Quelques stabilistateurs de G-Quadruplexes, dont le BRACO 19 de M.P. Teulade-Fichou (source)

Quelques stabilistateurs de G-Quadruplexes, dont le BRACO 19 de M.P. Teulade-Fichou (source)

Certains de ces stabilisateurs sont ainsi aujourd’hui en phase clinique II pour la chimiothérapie de certaines tumeurs, comme la quarfloxine (en bas à droite).

Cependant, l’étude de leur activité montre que l’inhibition de la télomérase reste très modeste (sauf dans le cas de la télomestatine), et l’élongation des télomères peut se poursuivre (on pourra lire cet article de M.P. Teulade Fichou). Par contre, l’inhibition de la traduction des gènes c-Kit et c-Myc par la stabilisation des G-quadruplexes semble être réellement importante, et prometteuse en terme de développement de nouveaux agents anticancéreux (voir cet article ou celui-là par exemple. C’est réellement passionnant, il faut le dire)
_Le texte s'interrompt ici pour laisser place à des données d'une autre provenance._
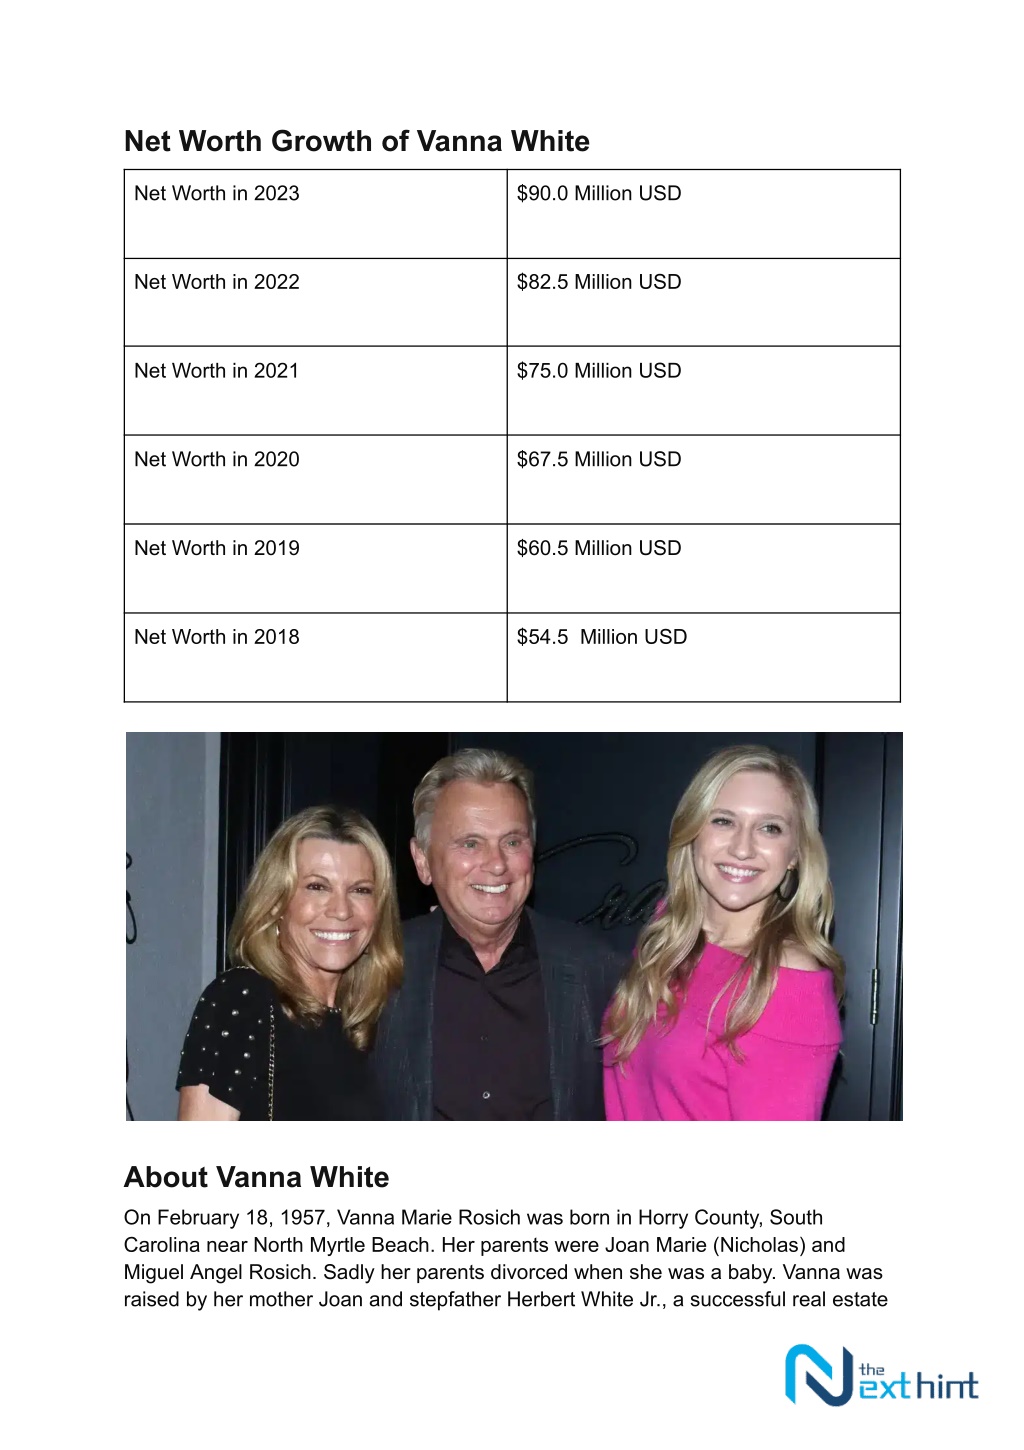 PPT Vanna White Net Worth How Rich Is The American TV Personality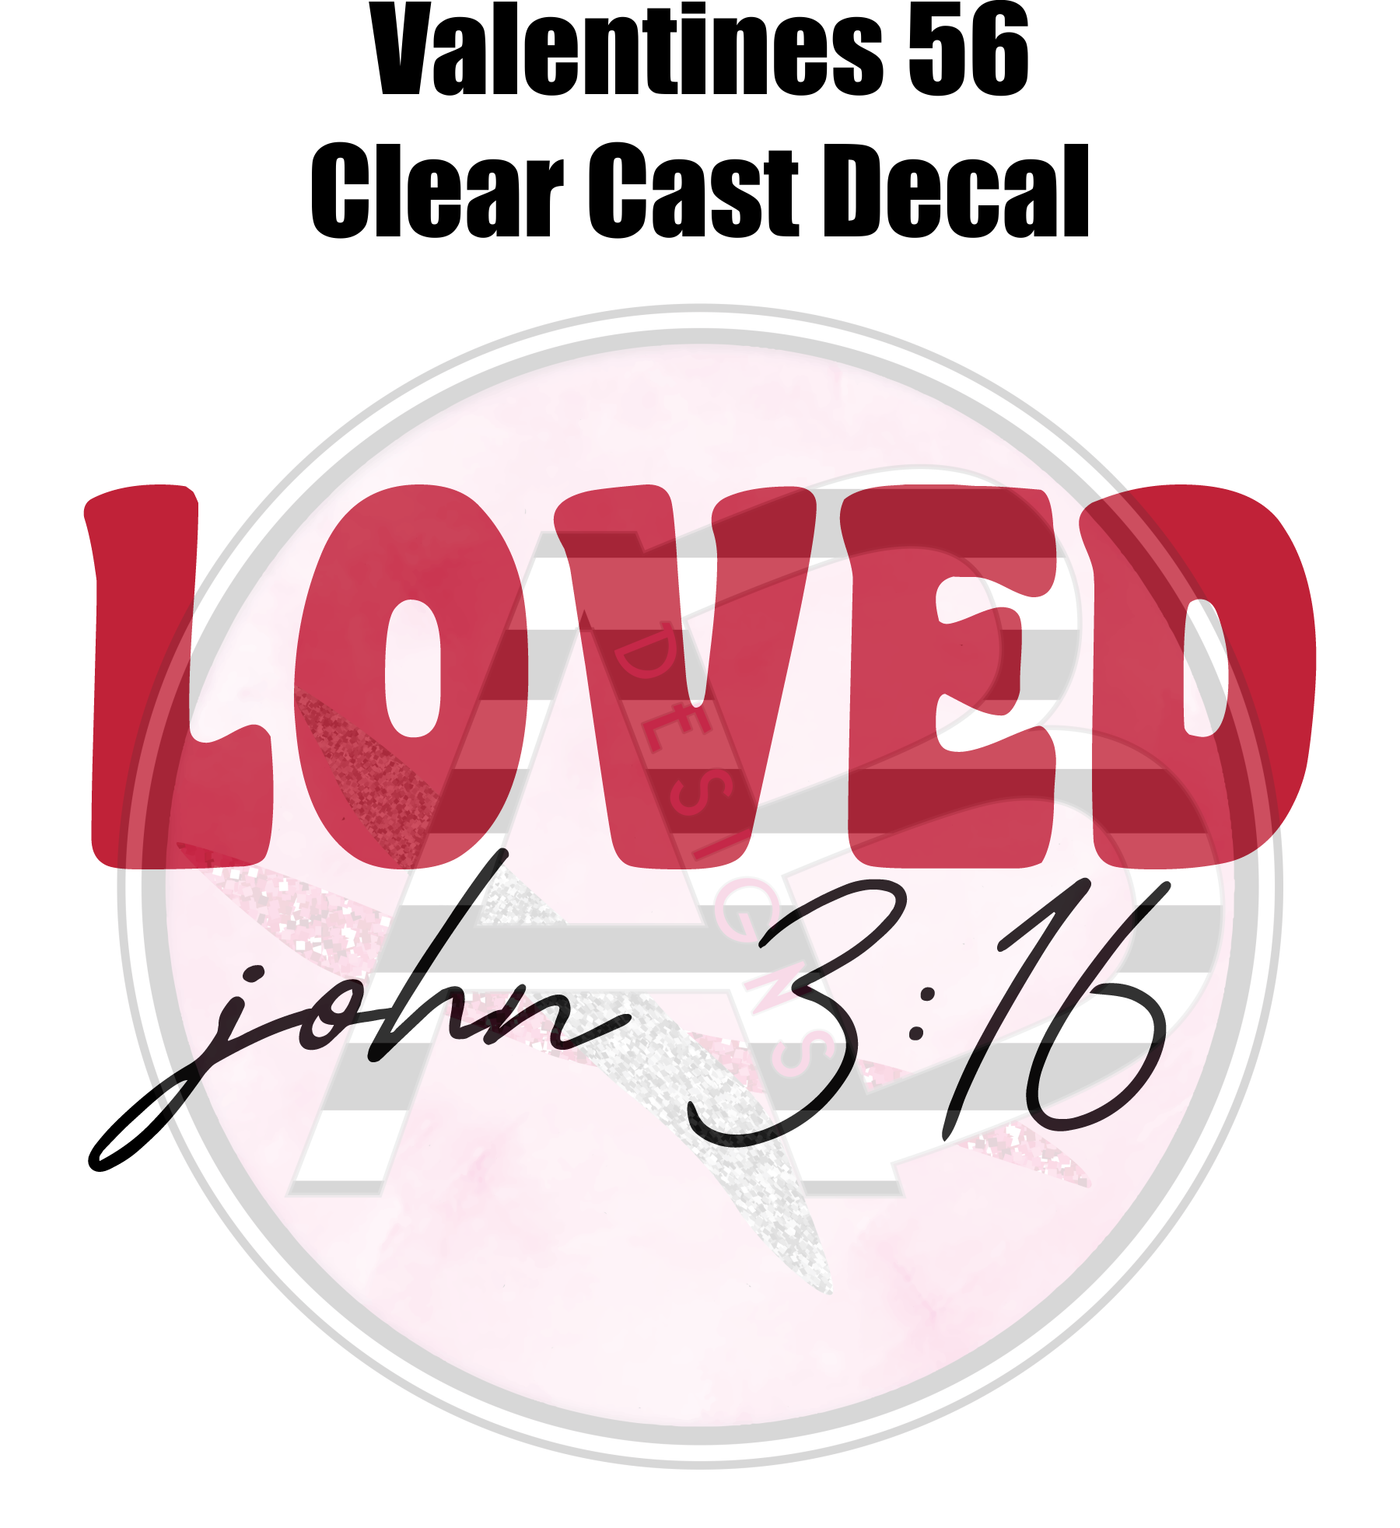 Valentines 56 - Clear Cast Decal

La preuve apportée récemment que les G-quadruplexes existent in vivo (Etude publiée dans Nature Chemistry), et qui a fait les gros titre d’une certaine presse scientifique, permet surtout de confirmer le mode d’action des stabilisateurs de ces structures. Il s’agit ainsi plus une confirmation qu’une réelle avancée (sauf peut-être sur la méthodologie employée, mais j’avoue que je ne me suis pas renseigné sur ce sujet)

Quant à la télomérase, il reste encore tout à faire pour trouver de véritables inhibiteurs, qui, compte tenu de sa quasi omniprésence dans les cellules cancéreuses, seraient des agents anticancéreux au large spectre d’action.